Description Val Packett 2019-02-22 20:55:21 UTC
Created attachment 202271 [details]
thaiphoon-smbus.png

intsmb0: <AMD FCH SMBus Controller> at device 20.0 on pci0
smbus0: <System Management Bus> on intsmb0
smbus0: <unknown device> at addr 0xa4
smbus0: <unknown device> at addr 0xa6
smbus0: <unknown device> at addr 0xa2

jedec_dimm0: <DDR4 DIMM> at addr 0xa4 on smbus0
jedec_dimm0: unable to change page for offset 0x0149: 1
jedec_dimm0: unable to restore page for offset 0x0049: 1
jedec_dimm0: unable to change page for offset 0x0145: 1
jedec_dimm0: unable to restore page for offset 0x0045: 1
jedec_dimm0: failed to read TSOD Manufacturer ID
device_attach: jedec_dimm0 attach returned 1
jedec_dimm1: <DDR4 DIMM> at addr 0xa6 on smbus0
jedec_dimm1: unable to change page for offset 0x0149: 1
jedec_dimm1: unable to restore page for offset 0x0049: 1
jedec_dimm1: unable to change page for offset 0x0145: 1
jedec_dimm1: unable to restore page for offset 0x0045: 1
jedec_dimm1: failed to read TSOD Manufacturer ID
device_attach: jedec_dimm1 attach returned 1

(interestingly, Thaiphoon Burner on Windows finds different SMBus addresses for the SPD EEPROMs: 0x52 and 0x53)
Comment 1 Val Packett 2019-02-22 20:56:46 UTC
Created attachment 202272 [details]
thaiphoon-spd-dump-0.png
Comment 2 Val Packett 2019-02-22 20:57:15 UTC
Created attachment 202273 [details]
thaiphoon-spd-dump-1.png
Comment 3 Ravi Pokala 2019-02-22 23:21:24 UTC
> (interestingly, Thaiphoon Burner on Windows finds different SMBus addresses for the SPD EEPROMs: 0x52 and 0x53)

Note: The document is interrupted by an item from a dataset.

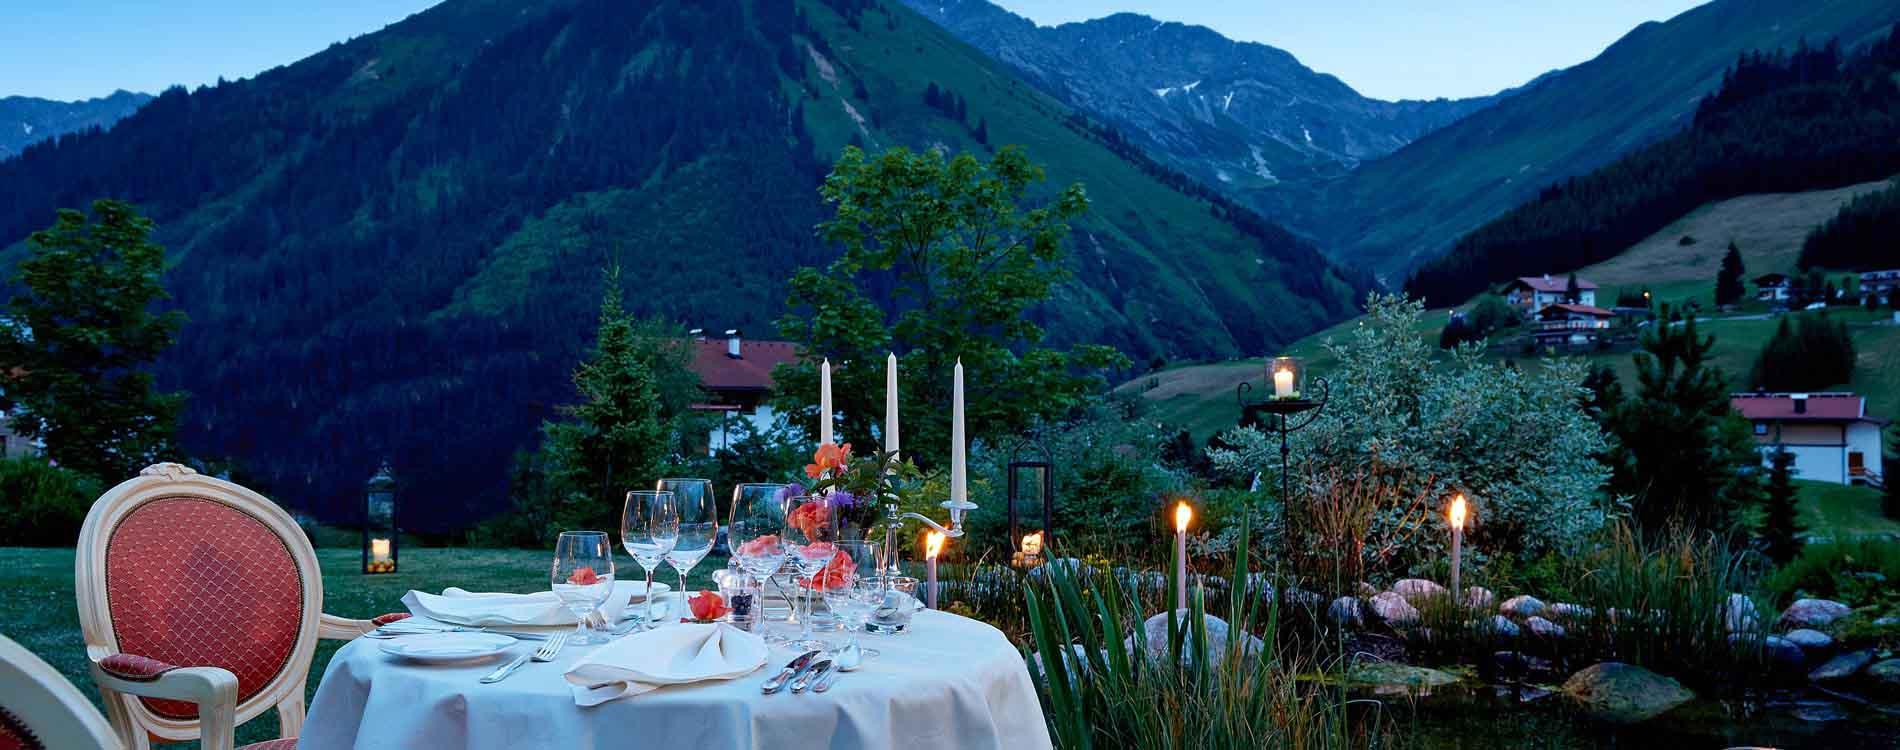 romantic summer nights� dream in berwang in tyrol

SMBus uses the low-order bit to denote read or write. It looks like Windows uses 7-bit addressing, where the read/write bit is simply omitted. FreeBSD uses 8-bit SMBus addresses, which are always passed around with the read/write bit cleared. Thus, 7-bit addresses 0x52 and 0x53 become 8-bit addresses 0xa4 and 0xa6.
Comment 4 Ravi Pokala 2019-02-22 23:38:52 UTC
Could you try loading the driver again with 'bootverbose' set? That should cause it try to read and dump every byte of the SPD device.
Comment 5 Val Packett 2019-02-23 00:45:17 UTC
(In reply to Ravi Pokala from comment #4)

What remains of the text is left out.